2011-Jan-26, 05:49 PM
I have a new exoplanet search method I would like to propose. I am not sure if this is the correct category to place it in. My method does not go against any mainstream science but rather just shows a new novel approach to detecting planets no one has thought of before.

My proposal is to use the Very Long Base Array (VLBA) of radio telescopes to find and detect exoplanets. The idea occurred to me when I was reading about the VLBA and its capabilities the other week. It has the ability to resolve down to 10 mircoarcseconds. This means in an image it takes, each pixel would represent 10 mircoarcseconds patch of sky. I was curious what size of objects this resolution could detect. I work in engineering and took drew up part of our solar system in AutoCAD (a computer aided drafting program) and copied it out to 4.3 light years (Alpha Centauri) and then to 10, 15, 20, etc. light years in increments of 5 out to 60 light years. What I found was that an earth sized planet would appear in 3 by 3 pixels in an image at 4.3 lights years and 2 by 2 pixels at 10 light years and at 15 ly it would be occupy 1 pixel in an image.

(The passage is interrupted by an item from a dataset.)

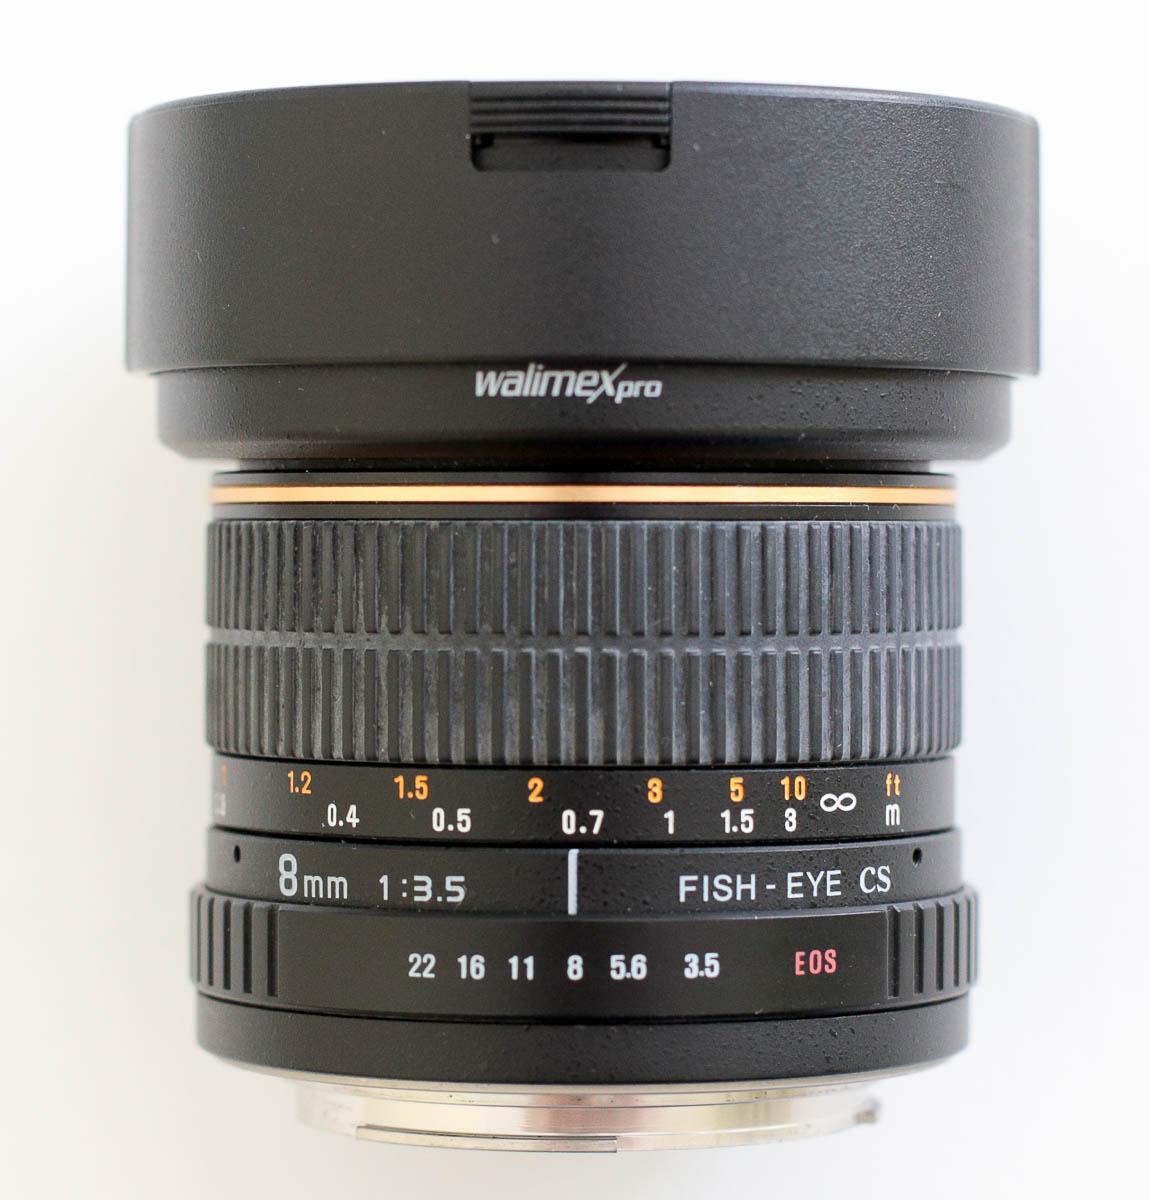 samyang 8mm halszem objektív fókuszálás manuálisan
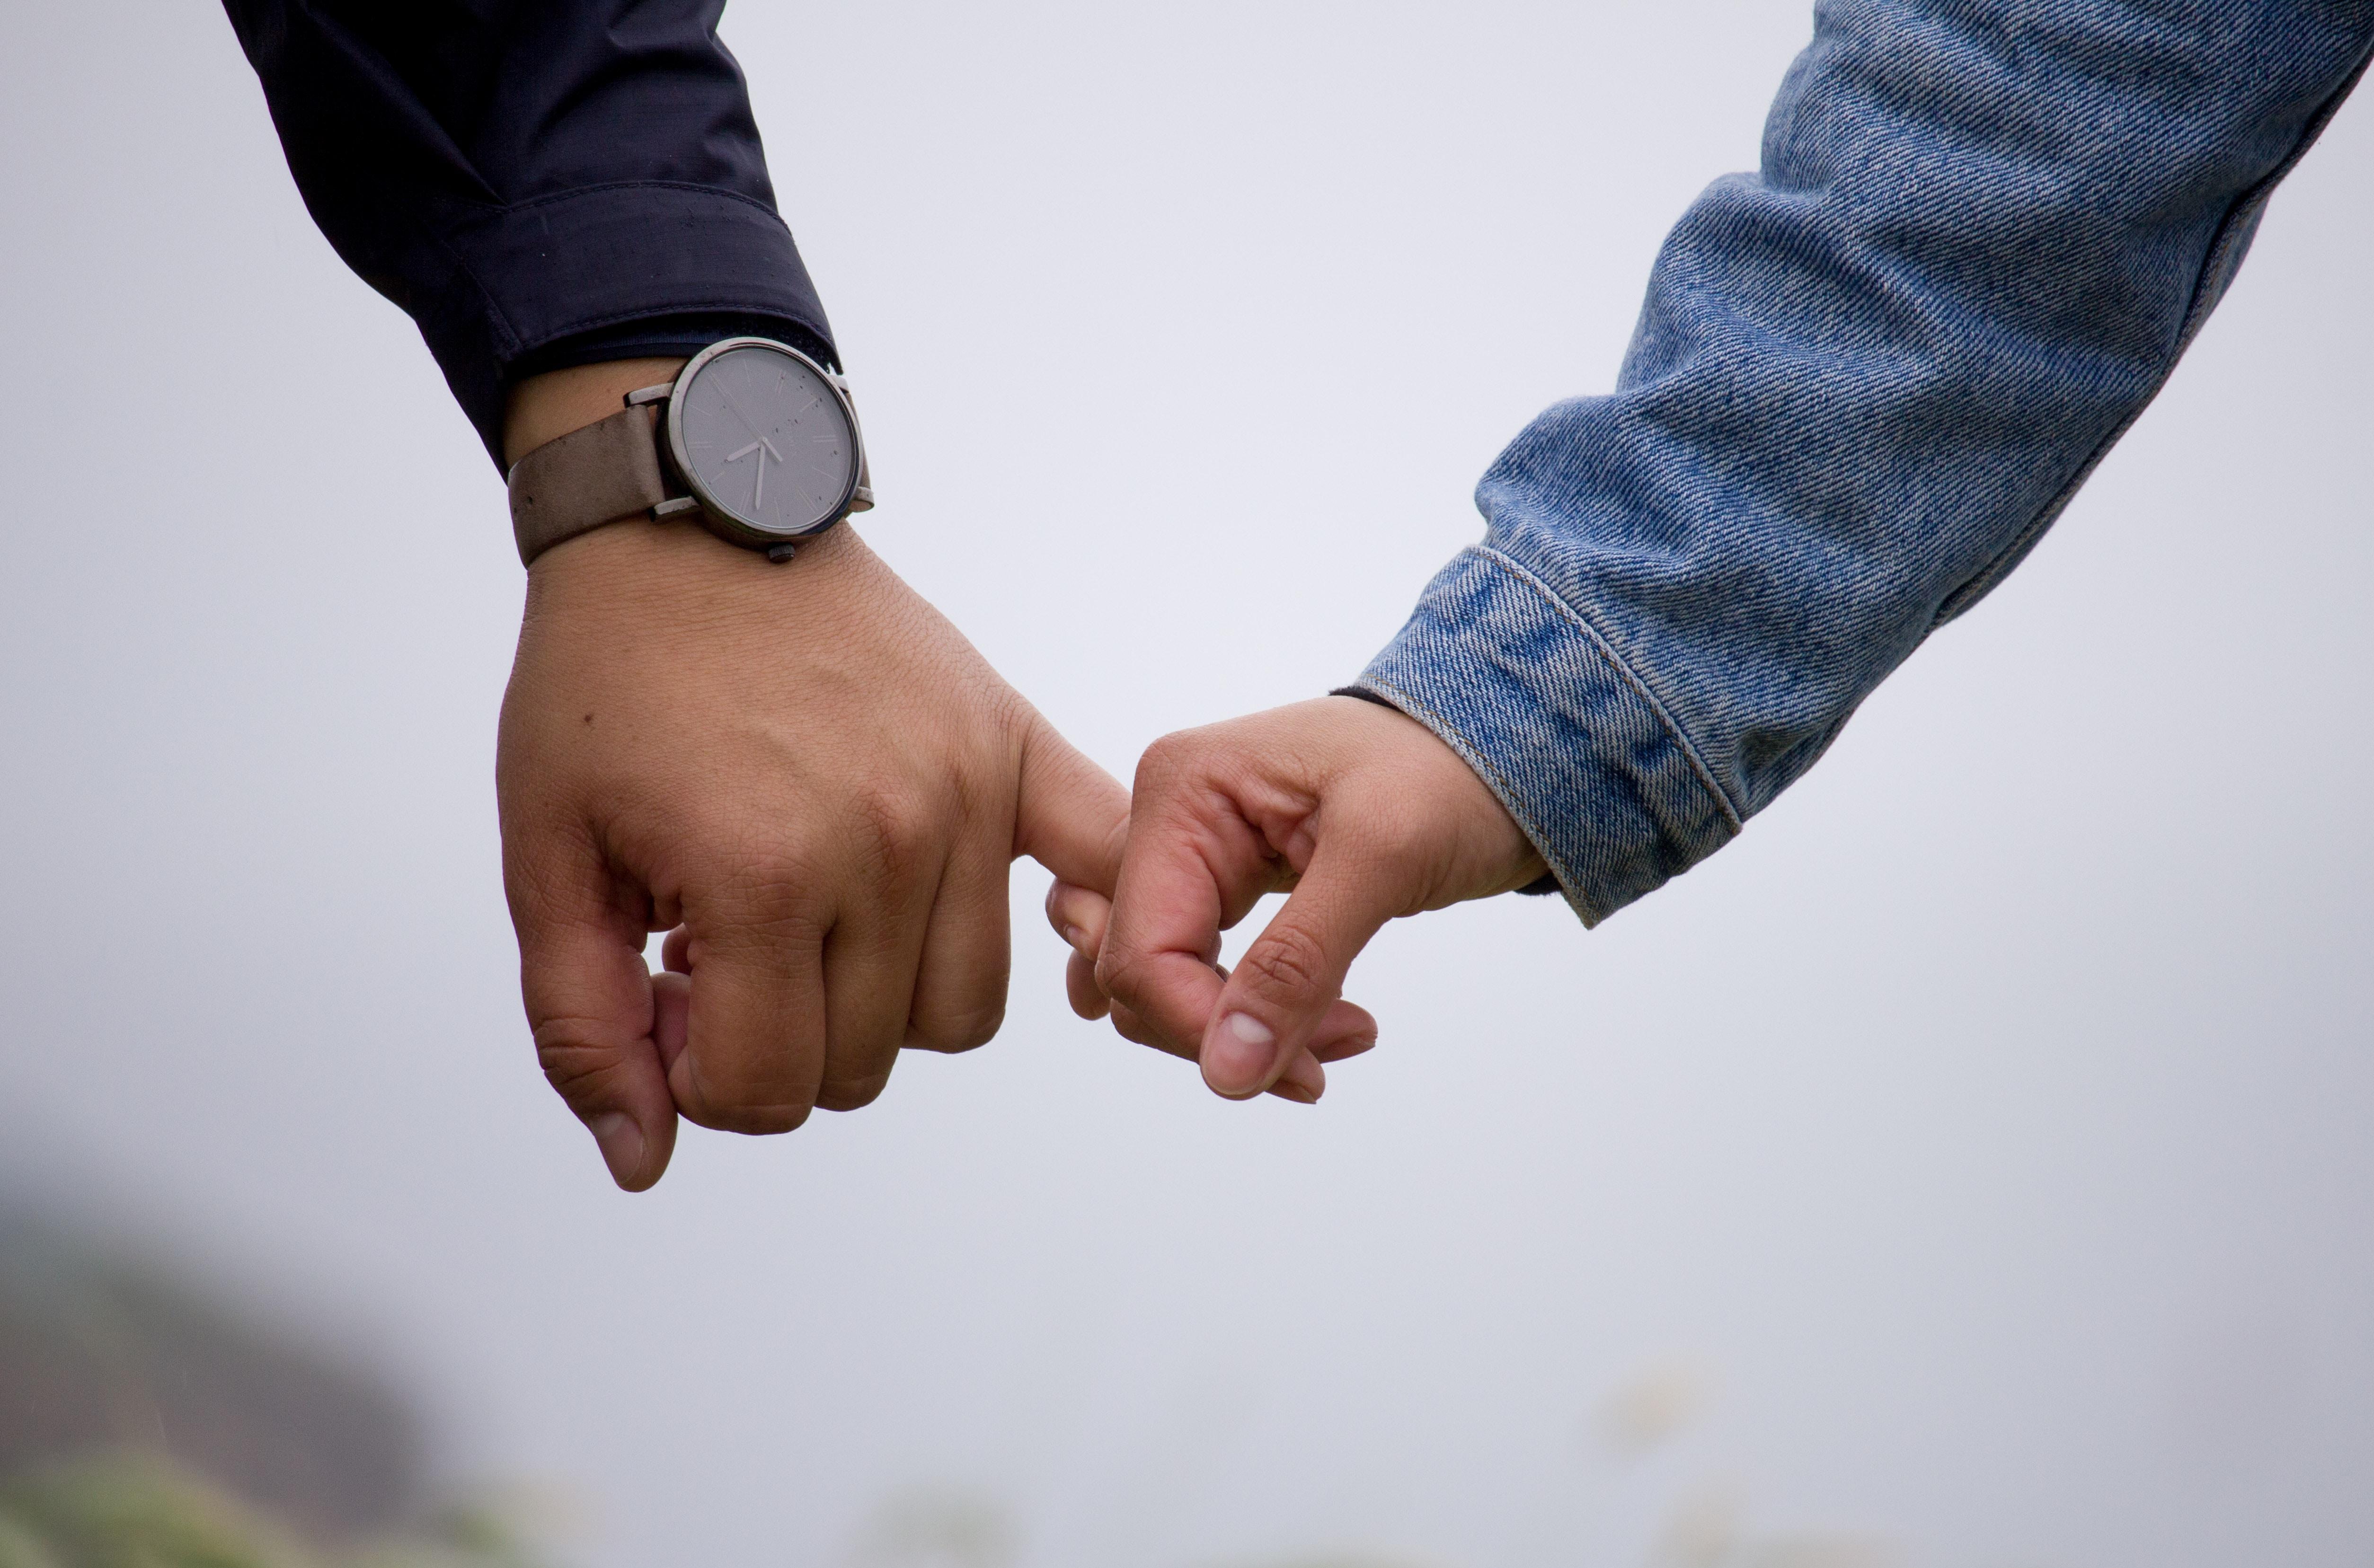 Kobietą jest jakie zainteresowany facet wysyła sygnały gdy Jak mężczyzna

An earth sized planet would be about 1/4 the width of a pixel at 60 ly. Depending on the sensitivity of the instruments this distance should still be detectable. I have attached a simple graph that shows the varying sizes of an earth sized planets at various distances.

My original thought was that we could use the Cosmic Microwave Background Radiation (CMDR) to silhouette exoplanets as they orbit their stars. I discussed my idea with Dr. Robert Nemeroff, one of the editors of the "Astronomy Picture of the Day" website. He pointed out that planets would be glowing highly in radio waves and microwaves either reflecting from their parent star or producing them themselves as gas giants do. I knew that they might reflect radio waves and microwaves from their stars, but only if the planet is not between us and its star.

I did some research and found that different types of planetary material will absorb different amounts of radio waves and microwaves. Rocky material has a dielectric constant of 2 – 8. The dielectric value of a material defines how much radio waves and microwaves they will absorb. Water on the other hand has a dielectric value that varies based on its temperature. At -30° C the value is 99, at 0° C the value is 88, at 20° C the value is 80 and at 80° C the value is 61. Given this, a water covered planet would reflect less energy than a rocky planet would. An ice covered planet would reflect even less energy than a water planet. So we are lucky in that the strength of the reflected radiation will tell is if the planet is covered in water or ice and approximately how much of the planet is covered.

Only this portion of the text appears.